On Thu, Aug 10, 2017 at 8:26 PM, Robert Haas <[email protected]> wrote:
> On Thu, Aug 10, 2017 at 3:47 AM, Rushabh Lathia
> <[email protected]> wrote:
> >> (1) seems like a pretty arbitrary restriction, so I don't like that
> >> option. (2) would hurt performance in some use cases. Do we have an
> >> option (3)?
> >
> > How about protecting option 2) with the load-via-partition-root
> protection.
> > Means
> > load the parents information even dump is not set only when
> > load-via-partition-root
> > & ispartition.
> >
> > This won't hurt performance for the normal cases.
>
> Yes, that seems like the right approach.
>
> + Dump data via the top-most partitioned table (rather than
> partition
> + table) when dumping data for the partition table.
>
> I think we should phrase this a bit more clearly, something like this:
> When dumping a COPY or INSERT statement for a partitioned table,
> target the root of the partitioning hierarchy which contains it rather
> than the partition itself. This may be useful when reloading data on
> a server where rows do not always fall into the same partitions as
> they did on the original server. This could happen, for example, if
> the partitioning column is of type text and the two system have
> different definitions of the collation used to partition the data.
>
>
Done.
> + printf(_(" --load-via-partition-root load partition table via
> the root relation\n"));
>
> "relation" seems odd to me here. root table?
>
>
Done.
> /* Don't bother computing anything for non-target tables, either
> */
> if (!tblinfo[i].dobj.dump)
> + {
> + /*
> + * Load the parents information for the partition table when
> + * the load-via-partition-root option is set. As we need the
> + * parents information to get the partition root.
> + */
> + if (dopt->load_via_partition_root &&
> + tblinfo[i].ispartition)
> + findParentsByOid(&tblinfo[i], inhinfo, numInherits);
> continue;
> + }
>
> Duplicating the call to findParentsByOid seems less then ideal. How
> about doing something like this:
>
> if (tblinfo[i].dobj.dump)
> {
> find_parents = true;
> mark_parents = true;
> }
> else if (dopt->load_via_partition_root && tblinfo[i].ispartition)
> find_parents = true;
>
> if (find_parents)
> findParentsByOid(&tblinfo[i], inhinfo, numInherits);
>
> etc.
>
>
Done changes to avoid duplicate call to findParentsByOid().

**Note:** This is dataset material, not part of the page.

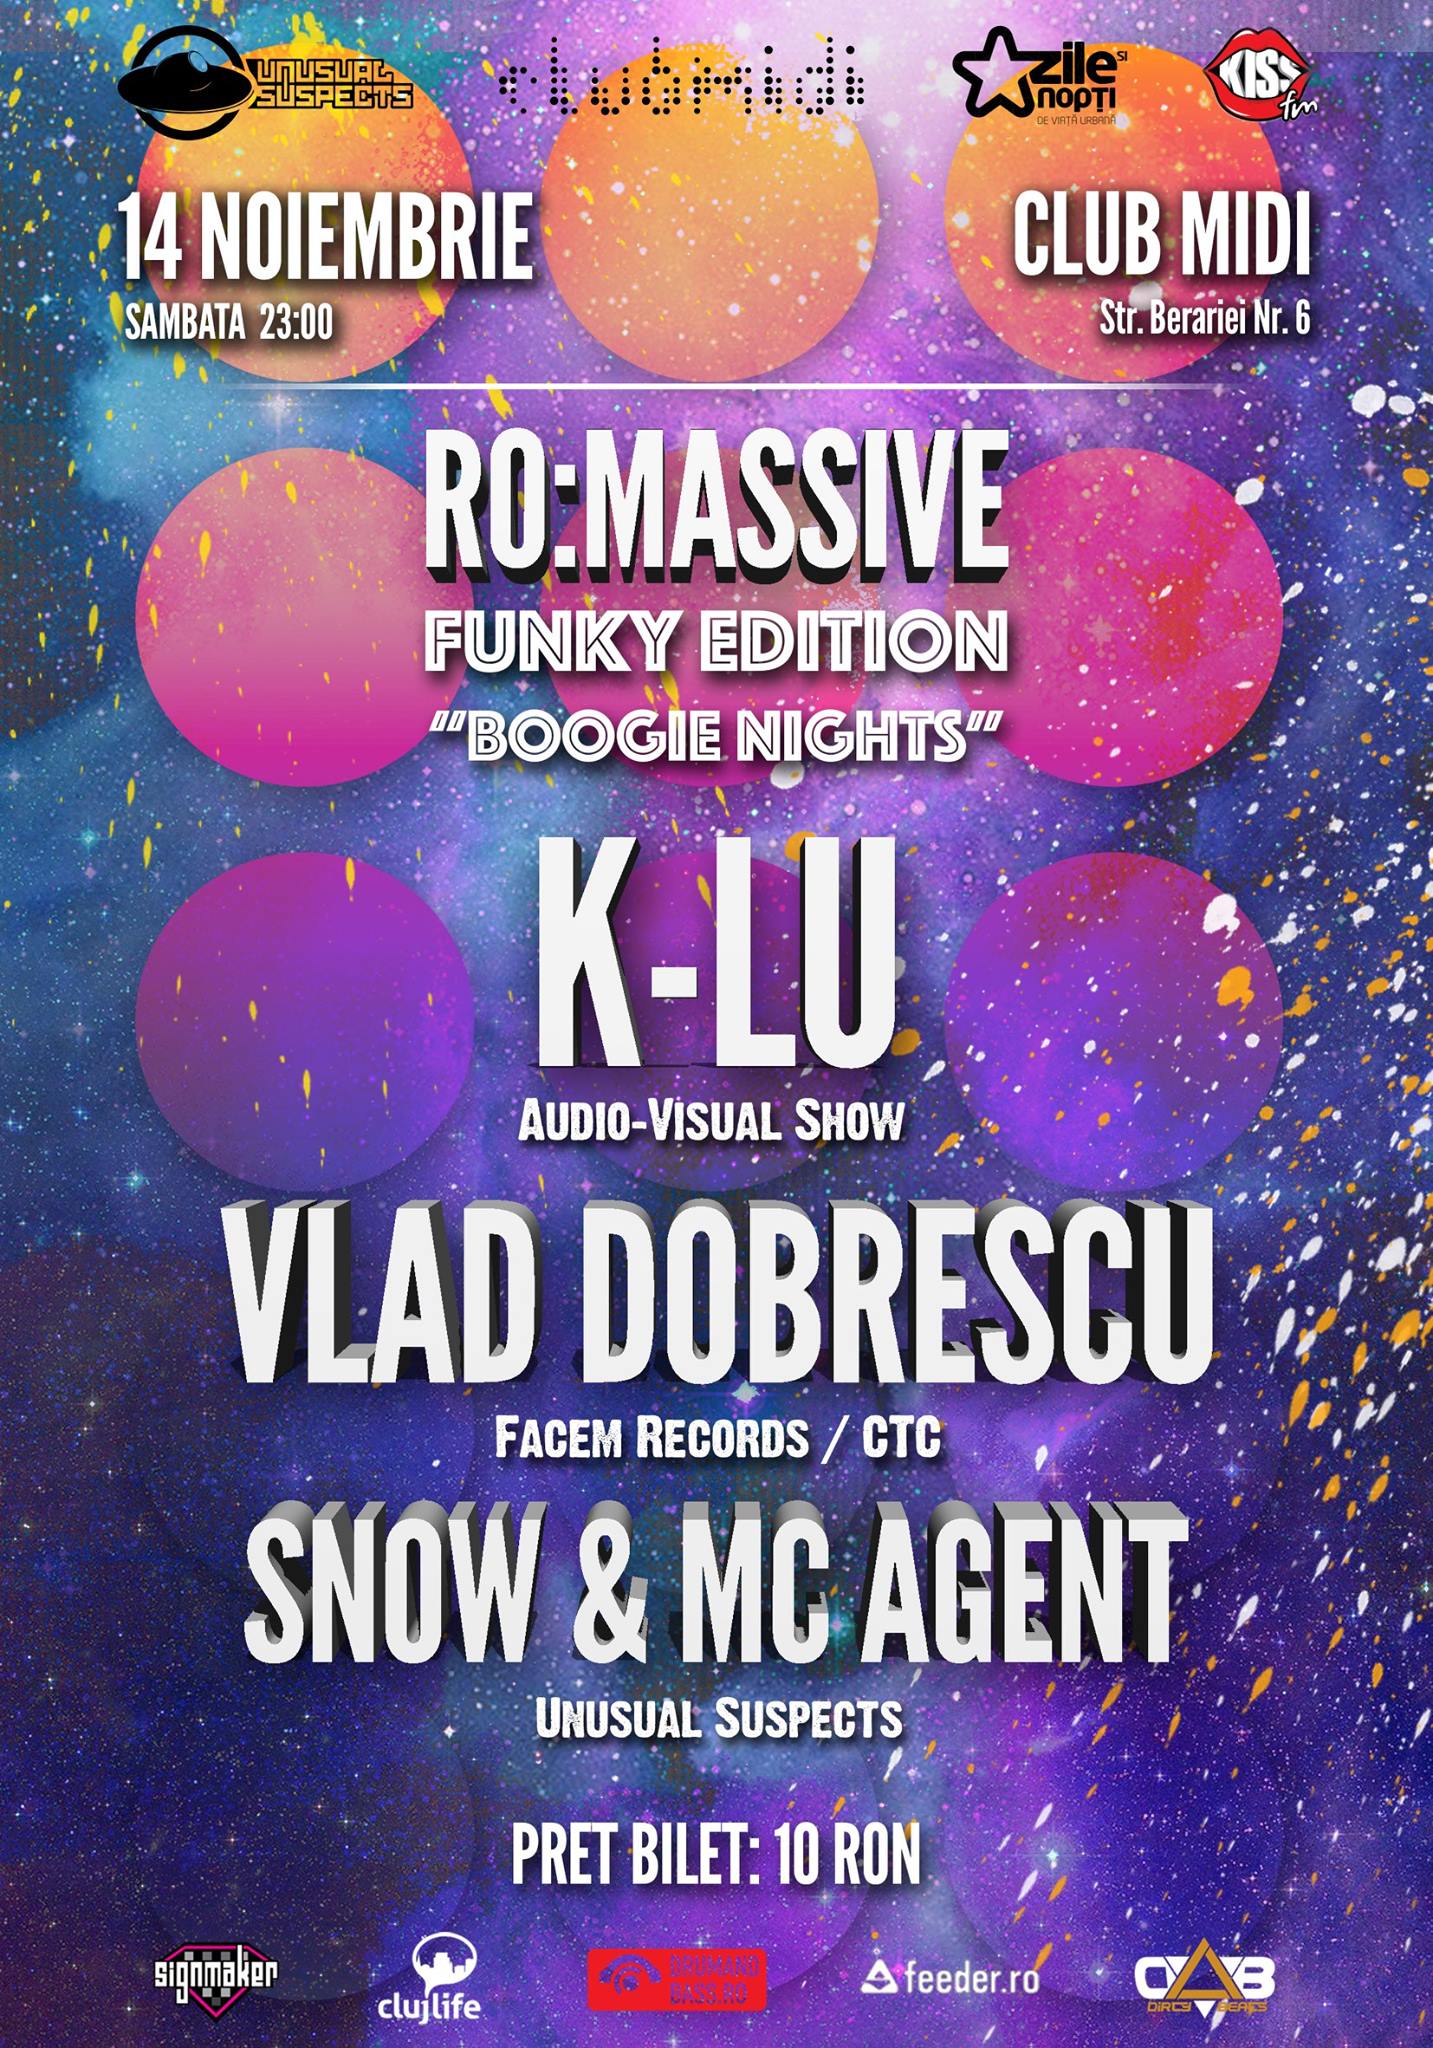 K-LU & Vlad Dobrescu @ Club Midi

> The comments for this function also need some work - e.g. the function
> header comment deserves some kind of update for these changes.
>
>
Done.
> +static TableInfo *
> +getRootTableInfo(TableInfo *tbinfo)
> +{
> + Assert(tbinfo->ispartition);
> + Assert(tbinfo->numParents == 1);
> + if (tbinfo->parents[0]->ispartition)
> + return getRootTableInfo(tbinfo->parents[0]);
> +
> + return tbinfo->parents[0];
> +}
>
> This code should iterate, not recurse, to avoid any risk of blowing
> out the stack.
>
>
Done.
Please find attach patch with the changes.
Thanks,
Rushabh Lathia
www.EnterpriseDB.com
diff --git a/doc/src/sgml/ref/pg_dump.sgml b/doc/src/sgml/ref/pg_dump.sgml
index bafa031..de8297a 100644
--- a/doc/src/sgml/ref/pg_dump.sgml
+++ b/doc/src/sgml/ref/pg_dump.sgml
@@ -889,6 +889,21 @@ PostgreSQL documentation
</varlistentry>
<varlistentry>
+ <term><option>--load-via-partition-root</></term>
+ <listitem>
+ <para>
+ When dumping a COPY or INSERT statement for a partitioned table,
+ target the root of the partitioning hierarchy which contains it rather
+ than the partition itself. This will be useful when reloading data on
+ a server where rows do not always fall into the same partitions as
+ they did on the original server. This could happen, for example, if
+ the partitioning column is of type text and the two system have
+ different definitions of the collation used to partition the data.
+ </para>
+ </listitem>
+ </varlistentry>
+
+ <varlistentry>
<term><option>--section=<replaceable class="parameter">sectionname</replaceable></option></term>
<listitem>
<para>
diff --git a/doc/src/sgml/ref/pg_dumpall.sgml b/doc/src/sgml/ref/pg_dumpall.sgml
index aa944a2..dc1d3cc 100644
--- a/doc/src/sgml/ref/pg_dumpall.sgml
+++ b/doc/src/sgml/ref/pg_dumpall.sgml
@@ -431,6 +431,21 @@ PostgreSQL documentation
</varlistentry>
<varlistentry>
+ <term><option>--load-via-partition-root</></term>
+ <listitem>
+ <para>
+ When dumping a COPY or INSERT statement for a partitioned table,
+ target the root of the partitioning hierarchy which contains it rather
+ than the partition itself. This will be useful when reloading data on
+ a server where rows do not always fall into the same partitions as
+ they did on the original server. This could happen, for example, if
+ the partitioning column is of type text and the two system have
+ different definitions of the collation used to partition the data.
+ </para>
+ </listitem>
+ </varlistentry>
+
+ <varlistentry>
<term><option>--use-set-session-authorization</></term>
<listitem>
<para>
diff --git a/src/bin/pg_dump/common.c b/src/bin/pg_dump/common.c
index 47191be..e7ee069 100644
--- a/src/bin/pg_dump/common.c
+++ b/src/bin/pg_dump/common.c
@@ -66,7 +66,7 @@ static int numExtensions;
static ExtensionMemberId *extmembers;
static int numextmembers;
-static void flagInhTables(TableInfo *tbinfo, int numTables,
+static void flagInhTables(Archive *fout, TableInfo *tbinfo, int numTables,
InhInfo *inhinfo, int numInherits);
static void flagInhAttrs(DumpOptions *dopt, TableInfo *tblinfo, int numTables);
static DumpableObject **buildIndexArray(void *objArray, int numObjs,
@@ -243,7 +243,7 @@ getSchemaData(Archive *fout, int *numTablesPtr)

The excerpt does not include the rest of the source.